The best answer is C. A customer is only considered to be "long" to the extent of his or her "net" long position in a security. This customer is long 1,000 shares of ABCD and short 400 shares of ABCD, for a net long position of 600 shares. This is the amount that can be tendered (remember that the customer must replace the 400 shares borrowed to sell short, leaving him or her with the remaining 600 shares out of the 1,000 owned.)

Which of the following statements are TRUE about listed securities? I Under Regulation T, all listed securities are marginable II Listed securities are subject to Regulation SHO III Listed securities trade in the Second Market IV Listed companies must be registered with, and report their results to, the SEC A. I and II only B. II and III only C. I, II, IV D. I, II, III, IV

The best answer is C. Listed securities (those listed on an exchange) are marginable under Regulation T. Under the Exchange Act of 1934, Regulation SHO requires that before any equity security (either listed or unlisted) can be sold short, the member firm must affirmatively determine that the security can be borrowed and delivered on settlement. This is called the "locate" requirement. Listed securities trade in the first (exchanges), third (OTC trading of exchange listed securities) and fourth (direct trades between institutions via ECNs) markets. The second market is trading of unlisted securities over-the-counter. These are OTCBB and Pink Sheet issues. Listed companies must register with, and report their results to, the SEC.

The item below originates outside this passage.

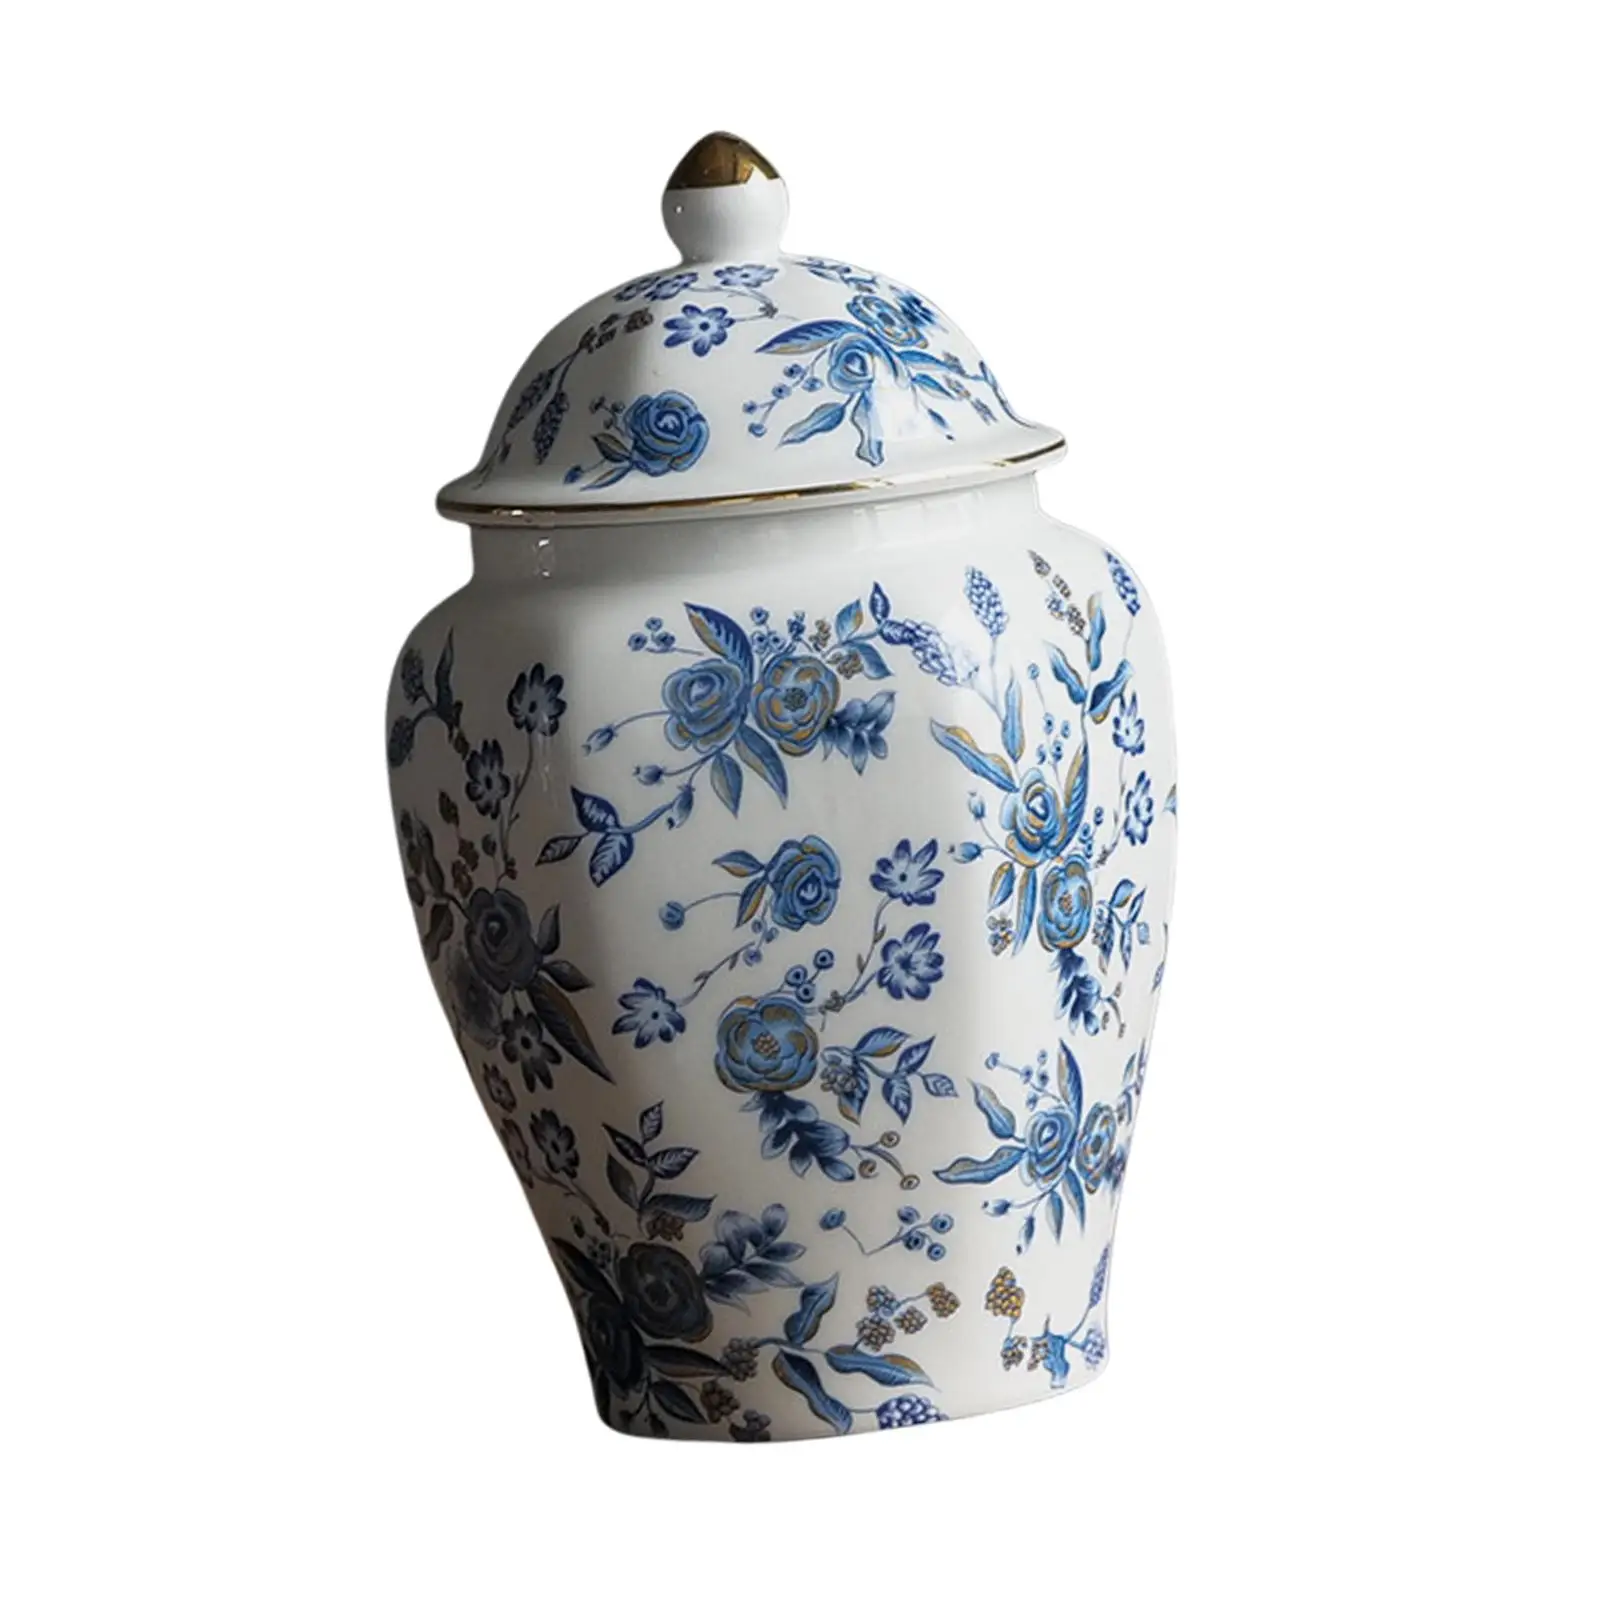 Flower Vase Storage Storage Jar Can Flower Arrangement Blue and White Porcelain Pot Elegant Ginger Jar with Lid Ceramic Tea Jar

The provisions of the Securities Exchange Act of 1934 apply to all of the following activities EXCEPT: A. trading of corporate bonds B. trading of municipal bonds C. issuance of municipal bonds D. issuance of corporate financial statements

The best answer is C. The Securities Exchange Act of 1934 relates to the secondary (trading) market; it does not cover the issuance of securities. Trading of both corporate and municipal bonds is covered under the "anti-fraud" provisions of the Act. Corporate financial reporting standards and public disclosure of financial reports is another part of the '34 Act.

An individual who made a profit of $1,000,000 from insider trading would be subject to a civil penalty of: A. $1,000,000 B. $2,000,000 C. $3,000,000 D. $4,000,000

The best answer is C. If an individual is found guilty of insider trading, he or she must pay back the profit achieved or loss avoided, and in addition must pay a penalty equal to 3 times that amount. This is called "treble damages."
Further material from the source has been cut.